If the holidays are getting you down about now, what you’re eating could be part of the problem. The common ingredient in most holiday foods — sugar — could be bringing on the blues, suggests a new study.
Not only are there fewer hours of sunlight this time of the year in the Northern Hemisphere, the lack of sun can affect our sleep patterns and contribute to seasonal affective disorder, a form of depression. This is likely to prompt us to eat more sweets in an effort to cheer ourselves up.
Taken together, these seasonal conditions can create a perfect storm for the onset of the depression this time of year, according to researchers at the University of Kansas. They found that if we also eat a lot of cookies, cakes, other carbohydrates and sugary foods they trigger metabolic, inflammatory and neurobiological processes linked to depression.Inflammation was found to be the most important physiological effect of added sugars related to mental health.
“When we consume sweets, they act like a drug,” explained Ilardi, in a statement. “They have an immediate mood-elevating effect, but in high doses they can also have a paradoxical, pernicious longer-term consequence of making mood worse, reducing well-being, elevating inflammation and causing weight gain.”
The team of clinical psychologists analyzed several previous studies on the physiological and psychological effects of eating sugary foods, using diet information gleaned from the Women’s Health Initiative Observational Study, the NIH-AARP Diet and Health Study, and several other studies.
Inflammation was the most important physiological effect of added sugars related to mental health. Depression is a disease of systemic inflammation for about half of people who suffer from it.It is the holiday season, so decide ahead of time which sweets say celebration most to you, and then treat yourself to small portions.

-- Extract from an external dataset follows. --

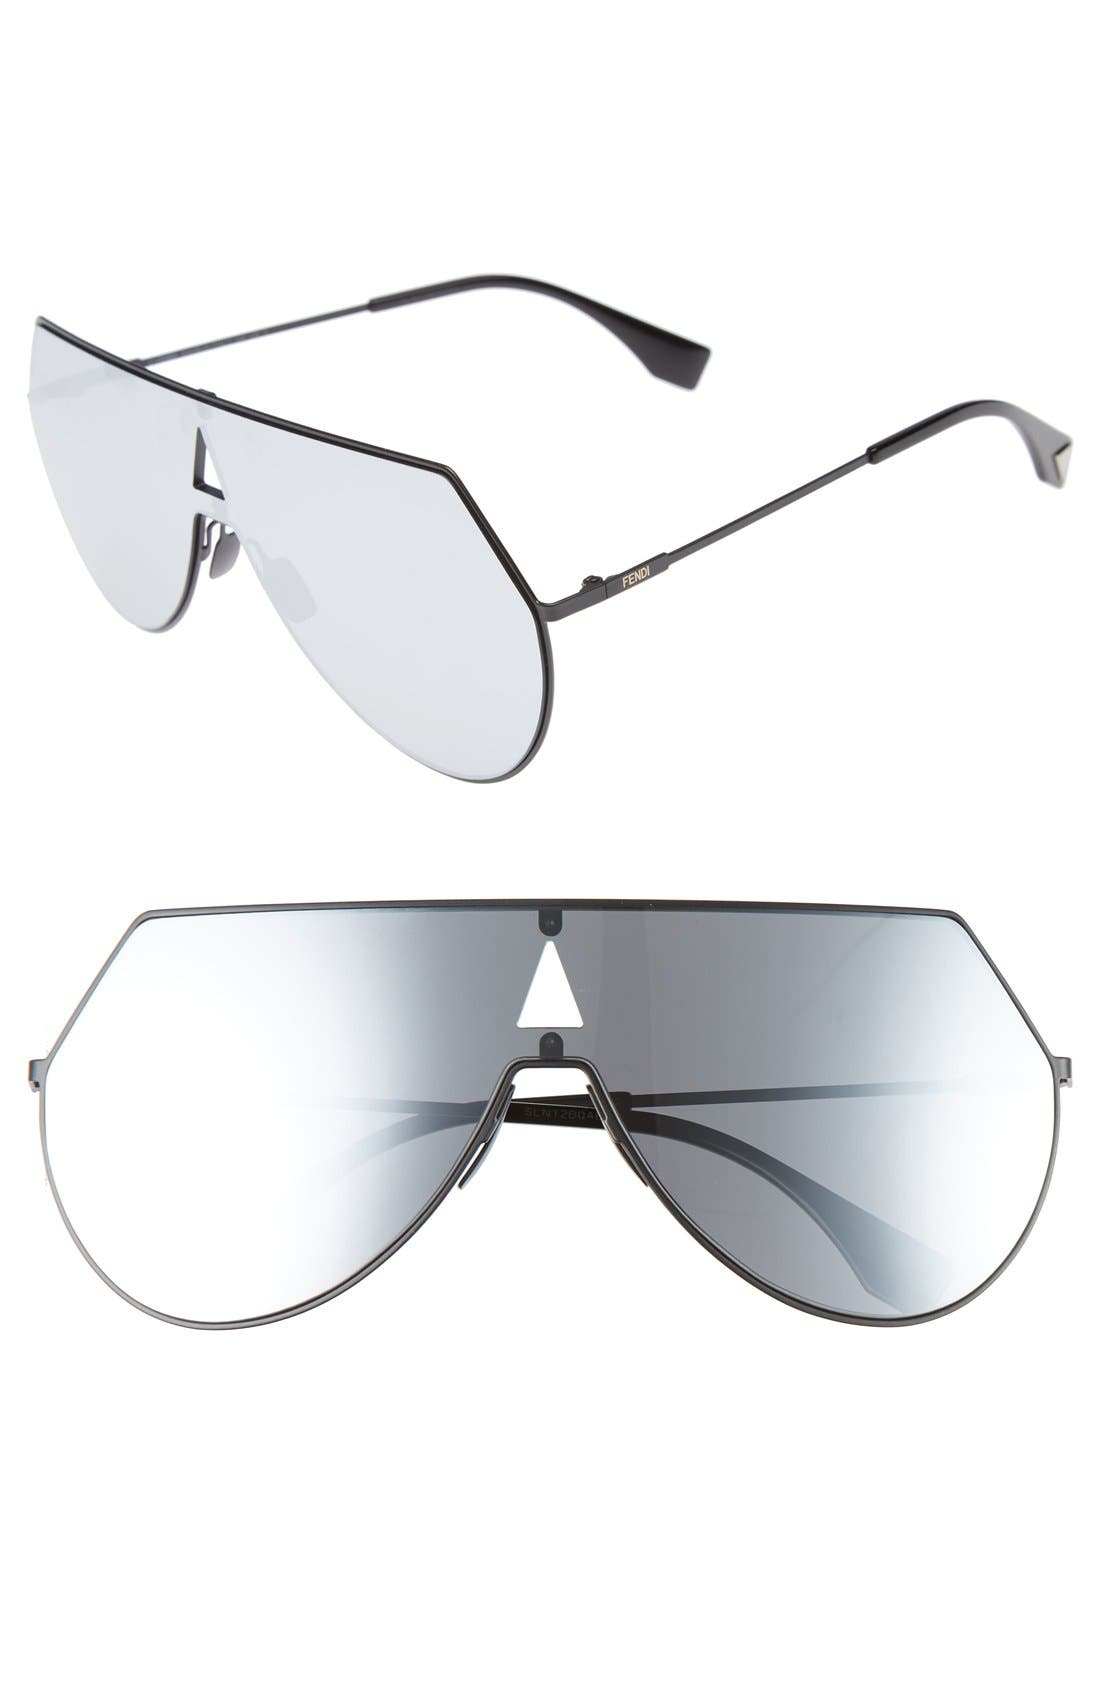 99mm Eyeline Aviator Sunglasses,                             Main thumbnail 1, color,                             MATTE BLACK
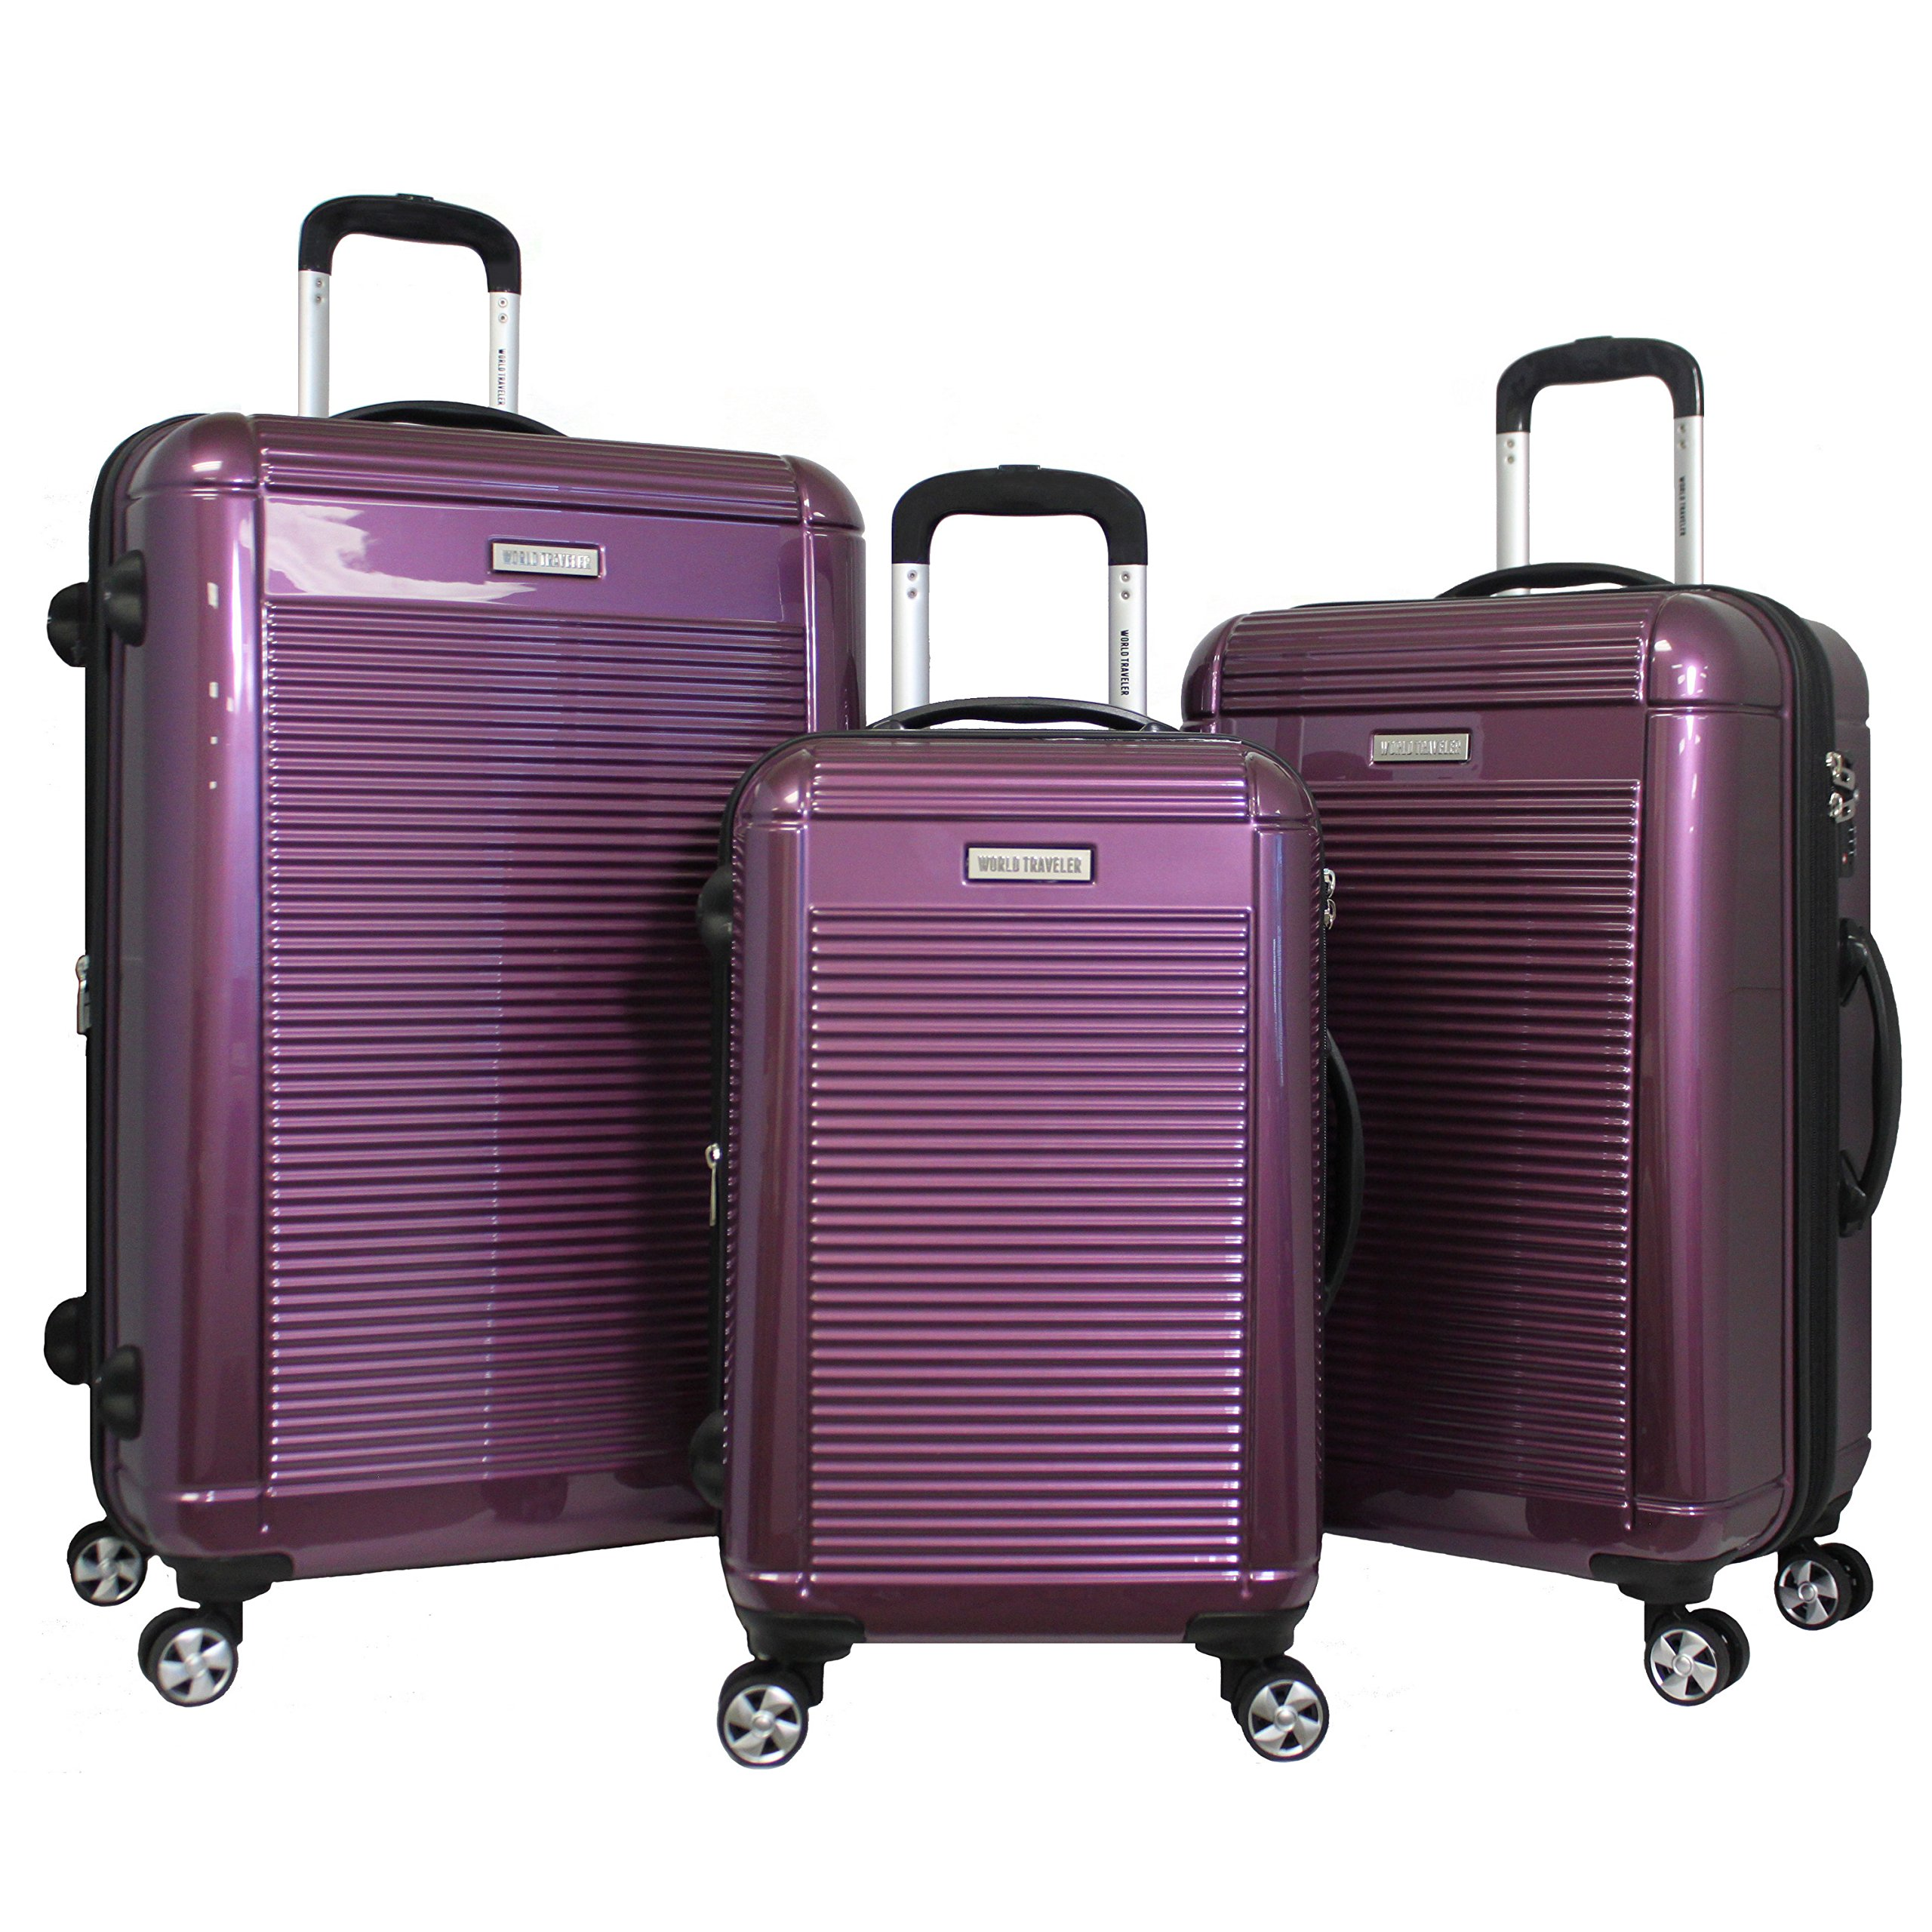 World Traveler Regal 3-Piece Hardside Lightweight Spinner Luggage Set, Purple by World Traveler

Women should eat no more than 25 grams of added sugar per day — the equivalent of six teaspoons, according to American Heart Association recommendations. For men the number is 38 grams or nine teaspoons a day. The Dietary Guidelines for Americans suggest that no more than 10 percent of your daily calories should come from added sugars. For a person eating 2,000 calories a day that is about 50 grams or 12 teaspoons.
Either way, since one can of soda contains eight teaspoons of sugar, it’s probably far less than most of us are eating daily over the holidays.
The study is published in Medical Hypotheses.